Im September 2020 ist die dritte Variante des Städteschnellzug ET 4010 als Modell erschienen. Die Firma Jägerndorfer hat diesmal die Version des 4010.014 im klassischen Erscheinungsbild der 1990er und 2000er Jahre realisiert. Der ET 4010.014 war auch einer der wenigen Garnituren, die nicht in den Farbtopf der HW Floridsdorf fielen und modernisiert wurden und somit bis zur Kassierung derartig im Einsatz war. Im Unterschied zum früher ausgelieferten ET 4010 mit der Transalpin-Beschilderung war das Fahrzeug in den Farben Ultramarinblau (RAL 5002) und Elfenbein (RAL 1014) lackiert. Die roten Lampenfassungen entsprechen dem Farbton Blutorange. Der Fahrzeugboden und die Drehgestelle sind im Farbton Tiefschwarz gehalten.

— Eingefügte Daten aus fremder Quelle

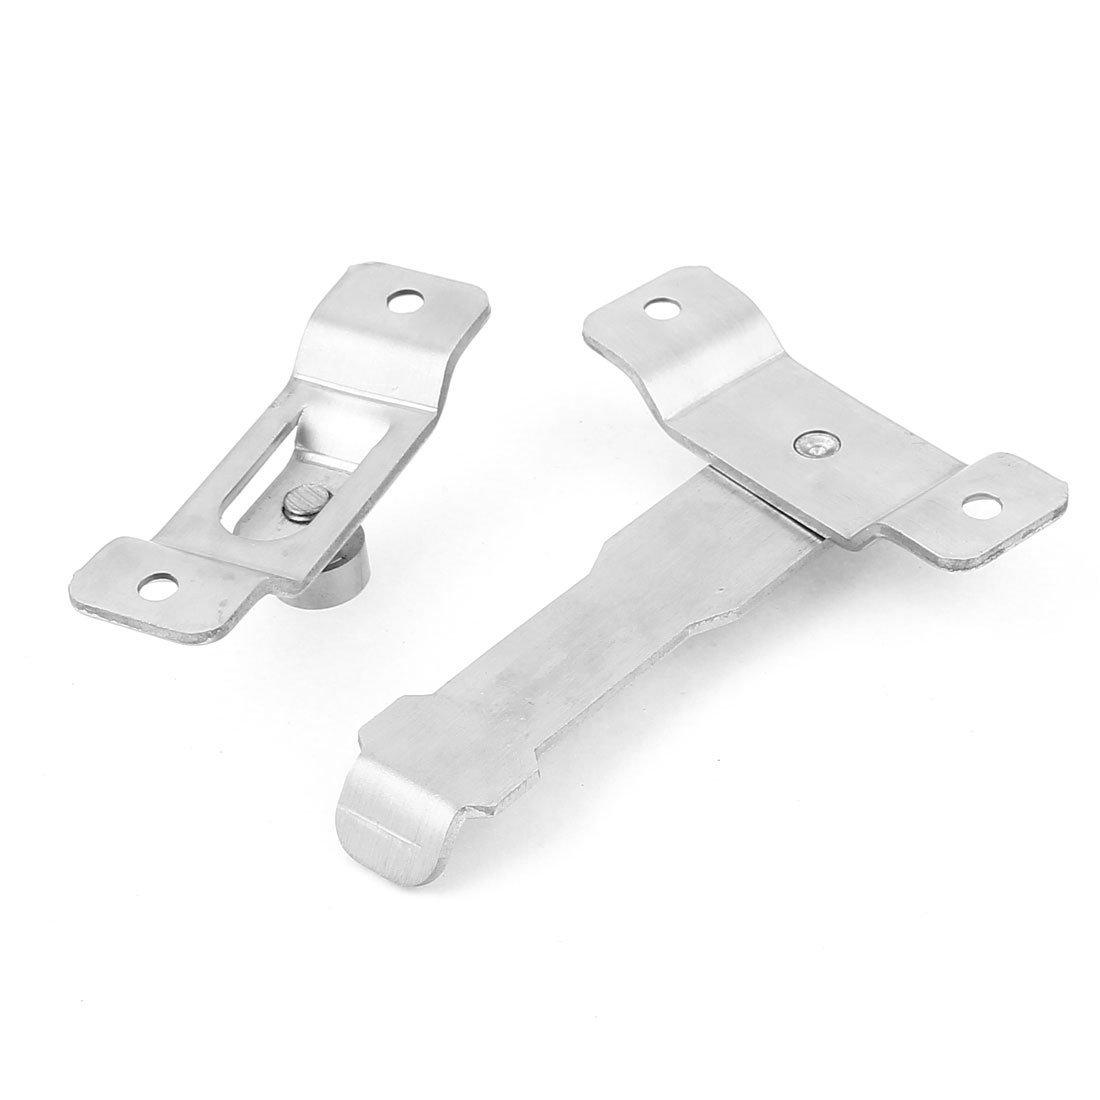 110 mm de largo de acero inoxidable para puerta y ventana de seguridad cierre de la cerradura del perno - - Amazon.com

Das neue Set besteht aus folgenden Fahrzeugen: 4010.014-1 + 7010.114-2 + 7110.114-1 + 7110.309-7 + 7110.214-9 + 6010.014-6. Am Modell wurden einzelne Formänderungen vorgenommen, soweit dies erforderlich war, so zum Beispiel erkennbar an der Heizkupplung am Triebkopf- und am Steuerwagen. Zudem entsprechen alle Anschriften dem Vorbild. An dieser Stelle ist leider ein Manko für den ansonsten formschönen Zug vorzubringen. Die Herstellerfirma aus Fernost hat bei der Lackierung nicht sauber gearbeitet, an mehreren Stellen sind unsaubere Farbverläufe sowie auch unschön mit den Kastenfarben versehene Griffstangen bestückt.  Derartiges sollte bei einem Modell in dieser Preisklasse nicht passieren.